Hierarchical organization of the dual pathway of central voice control. The lowest level (subsystem I) is represented by the sensorimotor phonatory nuclei in brainstem and spinal cord, which control laryngeal, articulatory, and respiratory muscles during production of innate vocalizations. The higher level within this system (subsystem II) is represented by the periaqueductal gray, cingulate cortex, and limbic input structures that control vocalization initiation and motivation as well voluntary emotional vocalizations. The highest level (subsystem III) is represented by the laryngeal/orofacial motor cortex in the vSMC with its input and output regions that are responsible for voluntary motor control of speech production. Dotted lines indicate direct connections between different regions within the voice-controlling system. Data from Simonyan and Horwitz (2011).
To that end, recent advances in mapping human brain organization have invigorated the interest in speech motor control. Combined knowledge derived from noninvasive and limited invasive studies of the central control of speech production is critically important as these methodologies are highly complementary and, at the same time, confirmatory of each other's findings. An array of high-resolution noninvasive neuroimaging techniques has been successfully used in healthy and diseased individuals to examine different aspects of speech production. At the same time, human patient volunteers undergoing neurosurgical treatment to remove brain tumor or epileptogenic foci during awake craniotomy as well as to temporarily implant electrode arrays for localization and modulation of pathologic states provide a unique opportunity to evaluate and refine our understanding of neural mechanisms underlying speech motor control. In this regard, electrocorticography (ECoG) studies provide an unprecedented combination of temporal (in milliseconds) and spatial (in millimeters) resolution along with a frequency bandwidth (up to hundreds of Hertz) that noninvasive imaging methods are not able to match. However, a potential caveat of these recordings is that they are not performed on entirely neurologically healthy brains, although electrophysiological data argue that recordings from unaffected brain regions do reflect normal brain function (Lachaux et al., 2012).

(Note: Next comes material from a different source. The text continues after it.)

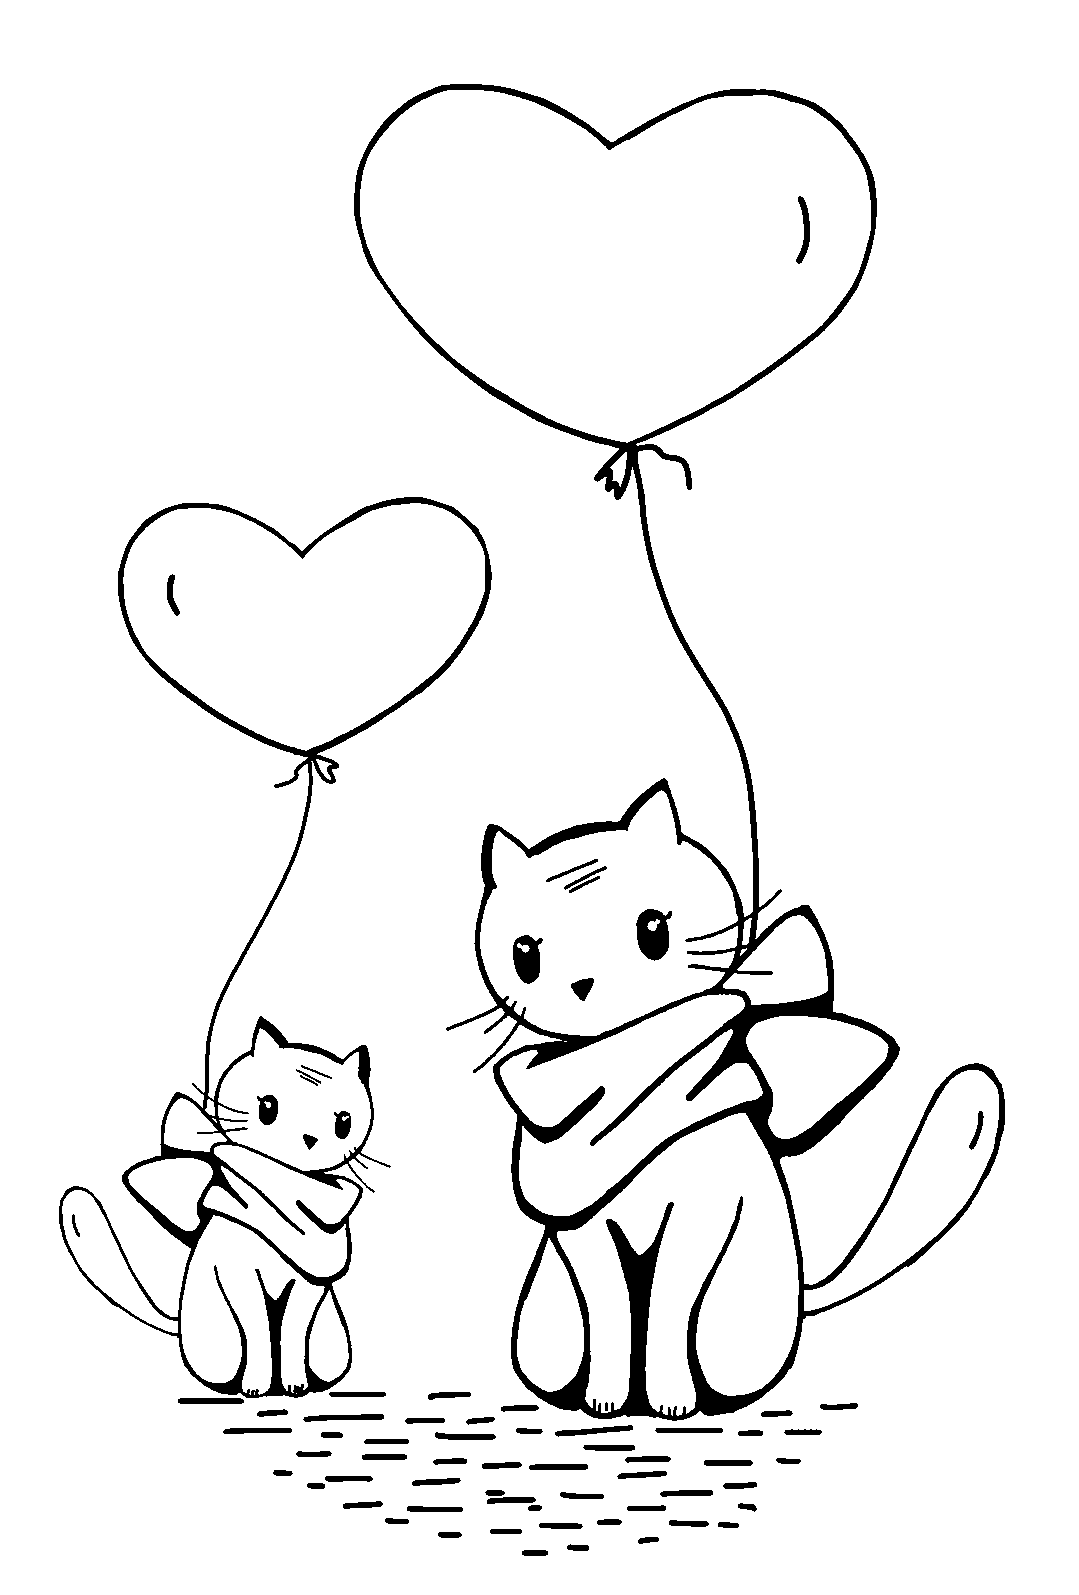 Disegno da colorare di gatti kawaii con palloncino a forma di cuore

In this brief review, we highlight the detailed organization of the ventral sensorimotor cortex (vSMC) for speech production; discuss unique recordings of speech motocortical activity that identified the specialized function of the speech motor cortex; examine the organization of large-scale neural networks controlling speech production; and discuss the role of subcortical structures, such as the basal ganglia and cerebellum, in driving speech preparation, execution, and motor skill acquisition. We make an attempt to shift the persisting view of the speech motor cortex as a low-order unimodal brain region (Callan et al., 2006; Hickok and Poeppel, 2007; Hickok et al., 2011; Poeppel et al., 2012; Tankus et al., 2014; Guenther and Hickok, 2015; Kawai et al., 2015) by discussing its organizational diversity and operational heterogeneity.

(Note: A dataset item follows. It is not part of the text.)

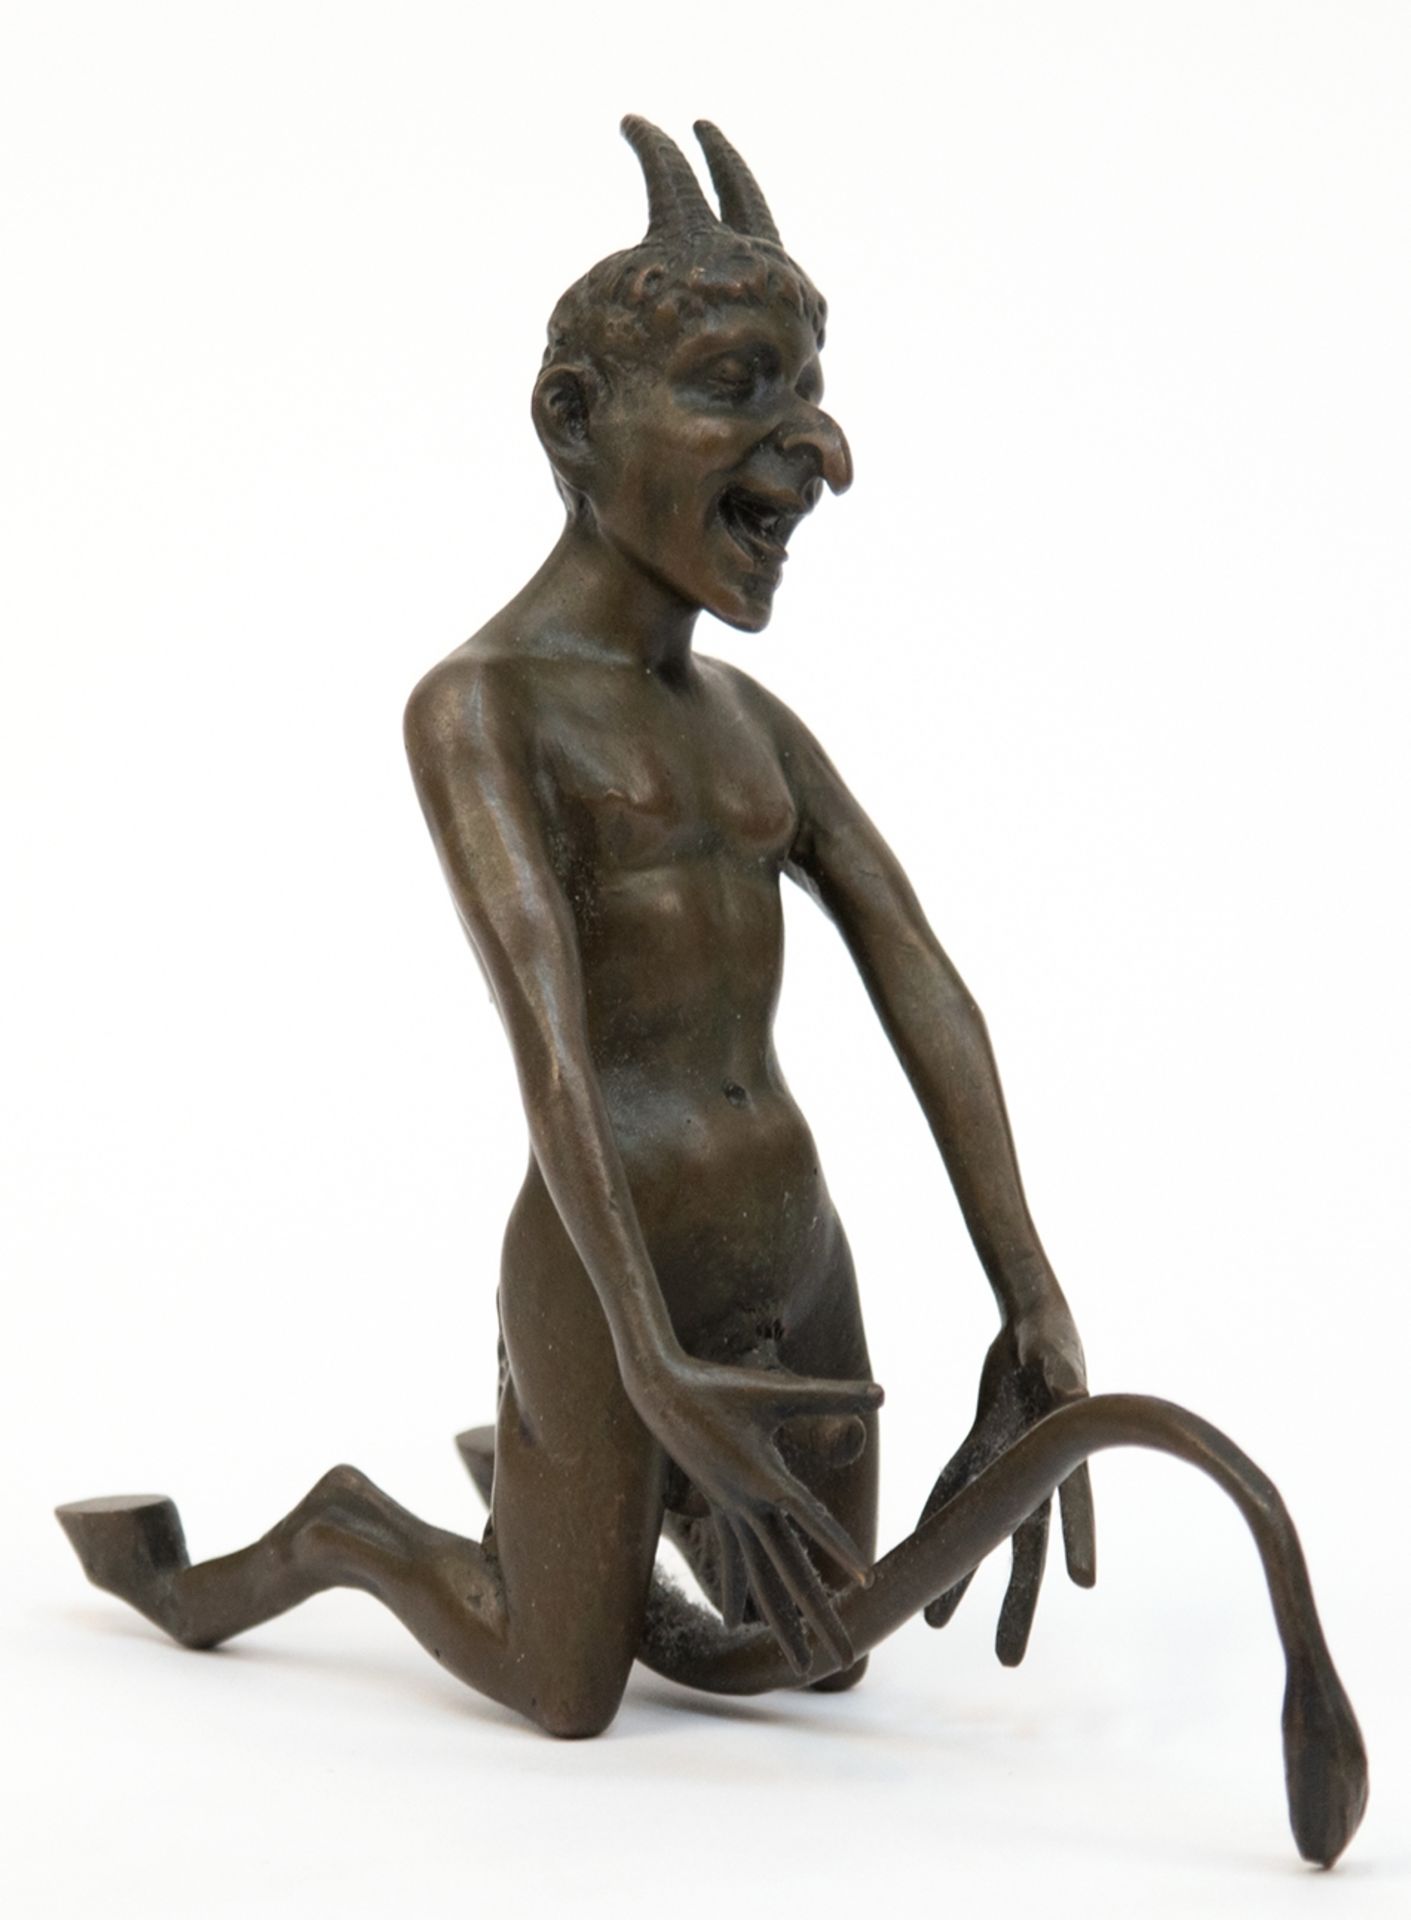 Figur "Erotika- Teufel", Bronze, dunkel patiniert, signiert "Milo", H. 15 cm

The organization of the vSMC for speech control
Speech production is one of the most complex and rapid motor behaviors. It depends on the precise coordination of >100 laryngeal, orofacial, and respiratory muscles whose neural representations are located within the vSMC. Injury to this brain area causes impairment of movement of muscles controlling speech production (dysarthria), whereas bilateral damage to vSMC leads to inability to produce voluntary vocalizations. Because of perseverance of other pathways bypassing vSMC and controlling the initiation of nonverbal vocalizations (Fig. 1), such patients are occasionally able to initiate grunts, wails, and laughs, but they do not succeed in voluntary modulations of pitch, intensity, and the harmonious quality of their vocalizations (Simonyan and Horwitz, 2011). On the other hand, vSMC lesions in nonhuman primates have almost no effects on their vocalizations (Jürgens et al., 1982), which further suggests a highly specialized role of this region in the control of learned vocalizations, such as speech.

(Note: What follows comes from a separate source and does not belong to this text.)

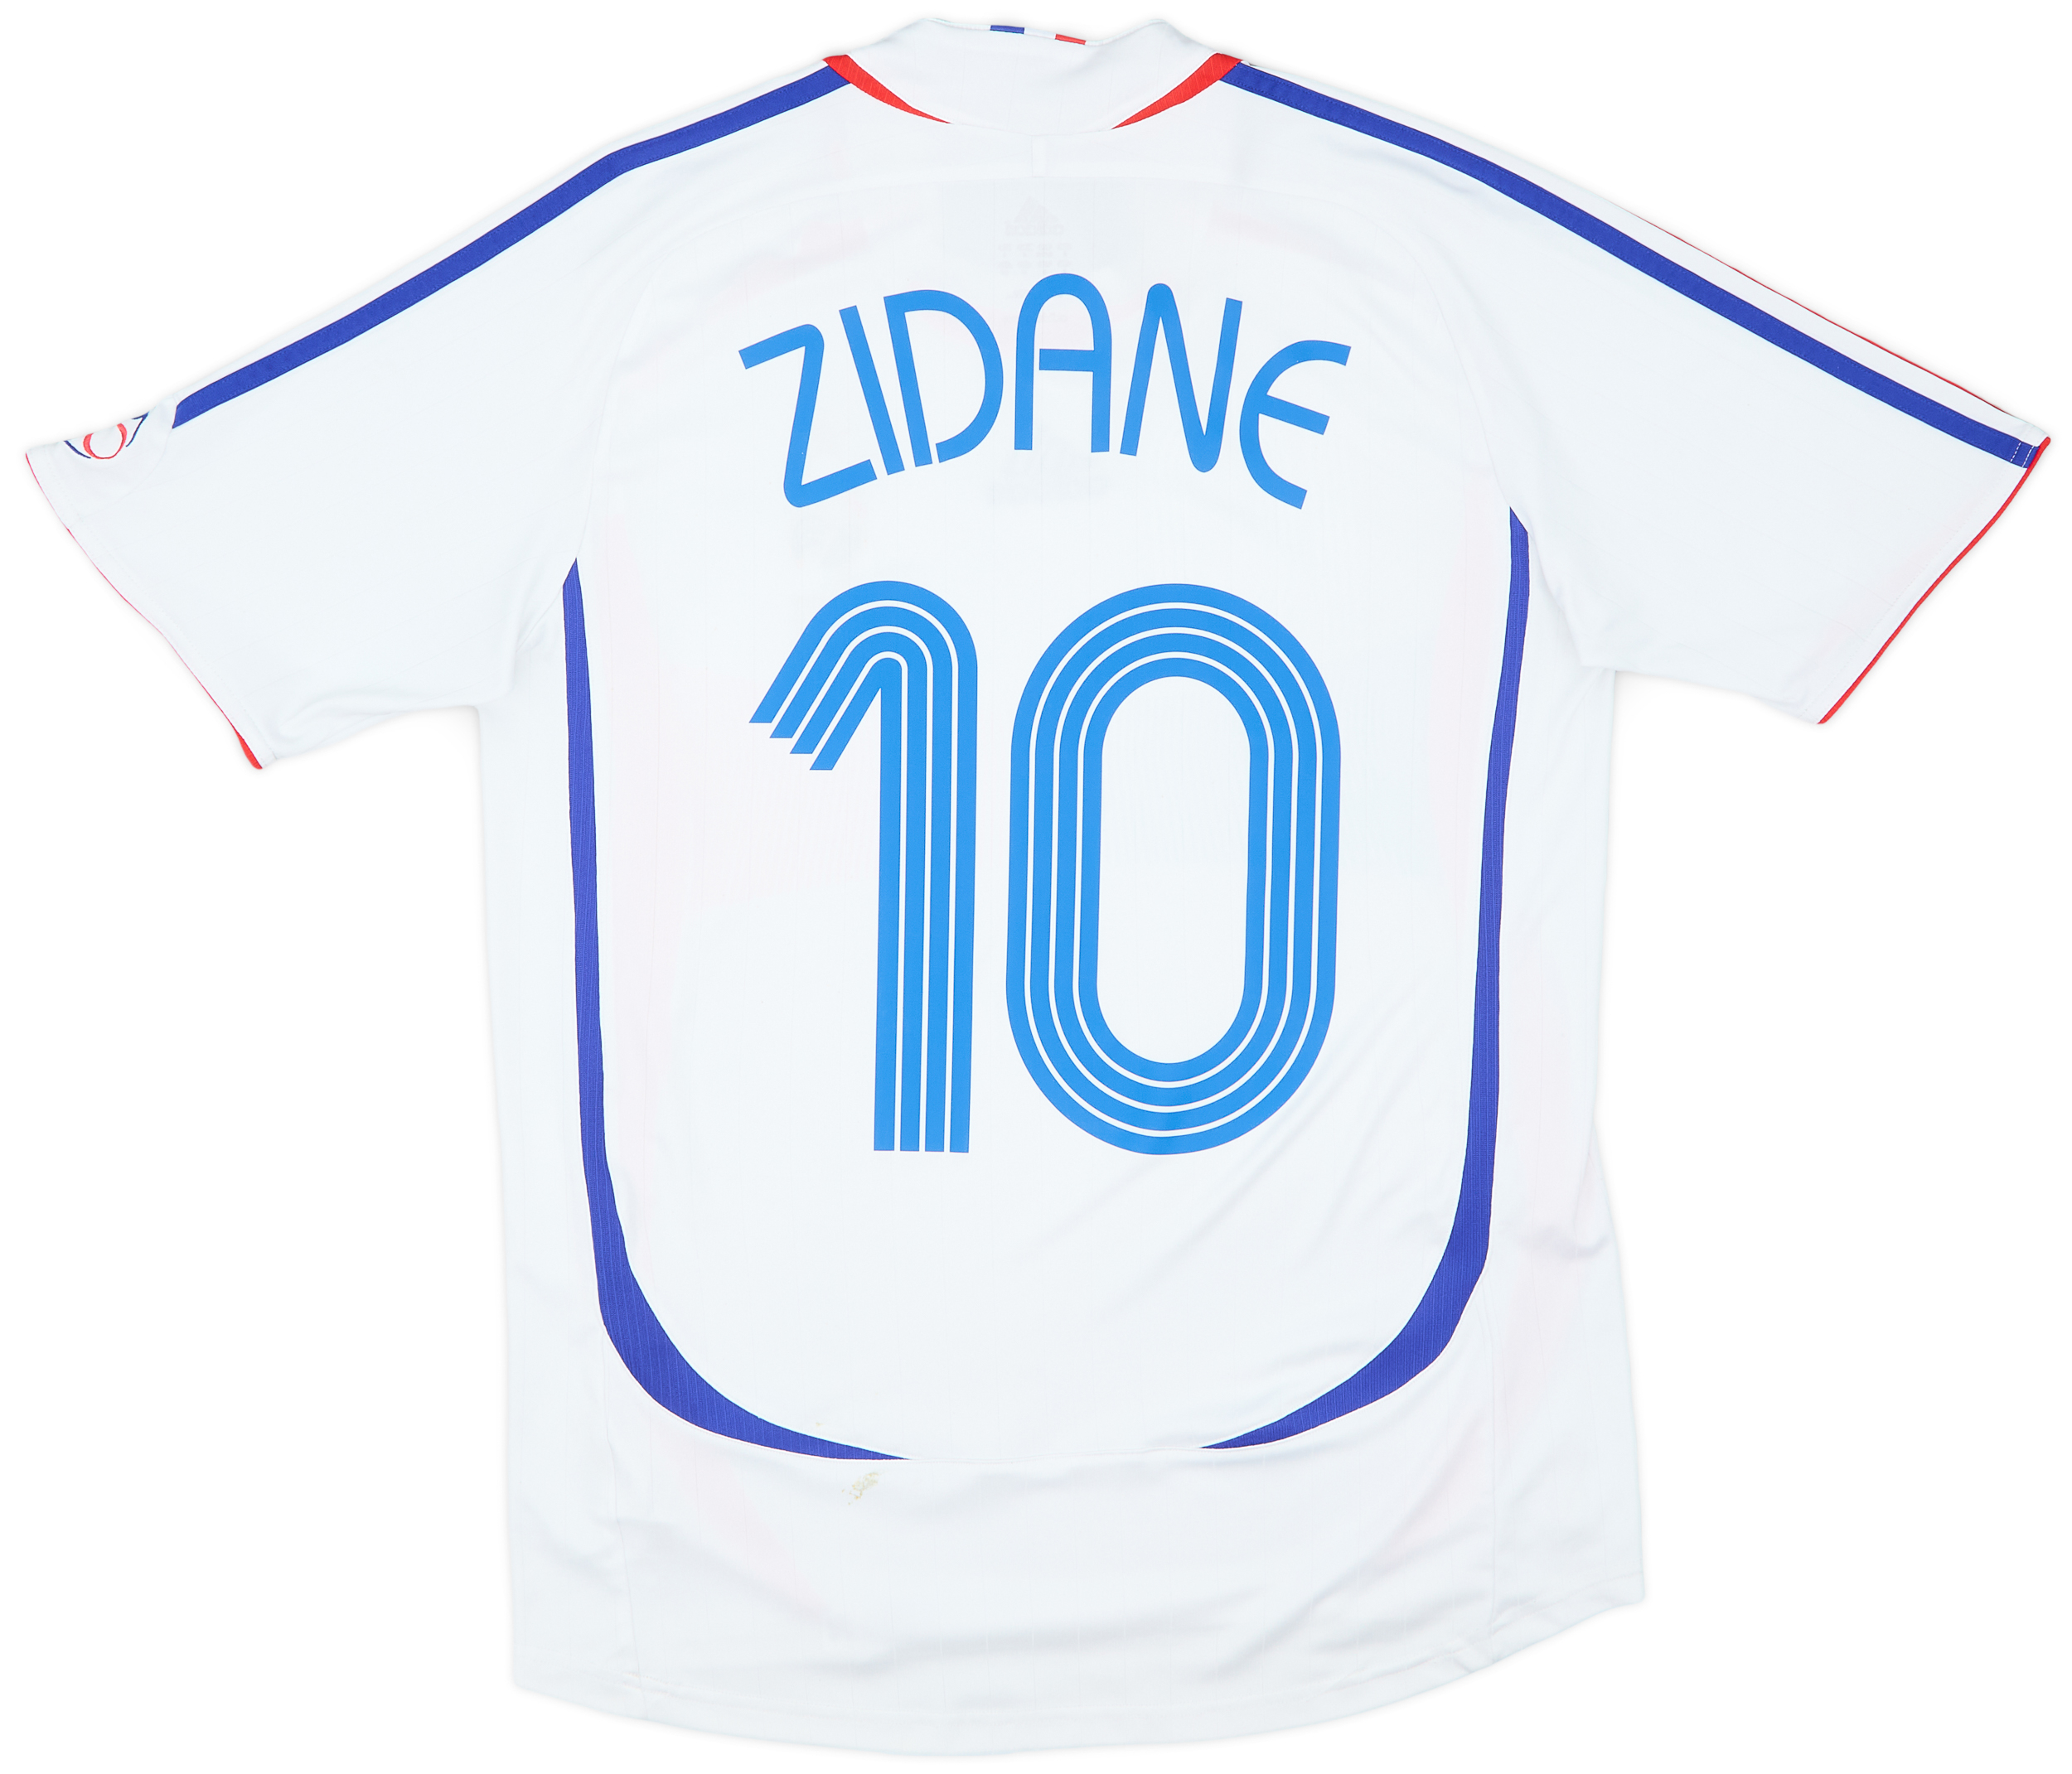 2006 France Away Shirt Zidane #10 - 7/10 - (S)

Our current conception of the sensorimotor cortex is heavily influenced by the homunculus model popularized by Wilder Penfield (Penfield and Boldrey, 1937). In the classic model, several key principles have defined our knowledge about the cortical representation of movement: (1) the precentral and postcentral gyri cleanly delineate motor from sensory functions, respectively; (2) an orderly topographic parcellation of brain regions corresponds to adjacent structures of the body; and (3) a particular body part or muscle maps one-to-one to the corresponding cortical site. The concept persisting for several decades regarding the vSMC organization featured a highly stereotyped, discretely ordered progression of representations for the lips, vocalization, jaw, tongue, and swallowing, respectively, along the dorsal-to-ventral extent of the central sulcus (Fig. 2A). However, over the past several years, electrocortical stimulation mapping as well as neurophysiological recordings have revealed that such somatotopical organization may be an oversimplification, especially in the context of speaking.
A, Schematic view of human body representation within the motor cortex (“motor homunculus”). Data from Penfield and Bordley (1937). B, Probabilistic maps of the vSMC demonstrating the probability of observing a particular motor and sensory response as well as speech arrest to electrical stimulation at a particular cortical site. Color scale represents the probability of each response. Data from Breshears et al. (2015). Ca, Spatial localization of lips, jaw, tongue, and larynx representations within the vSMC. Average magnitude of articulator weightings (color scale) plotted as a function of anteroposterior (AP) distance from the central sulcus and dorsoventral (DV) distance from the Sylvian fissure. Cb, Functional somatotopic organization of speech-articulator representations in the vSMC. Red represents lips. Green represents jaw. Blue represents tongue. Black represents larynx. Yellow represents mixed. D, Timing of correlations between cortical activity and consonant (Da) and vowel (Db) articulator features with (Dc) acoustic landmarks, (Dd) temporal sequence, and range of correlations. Data from Bouchard et al. (2013).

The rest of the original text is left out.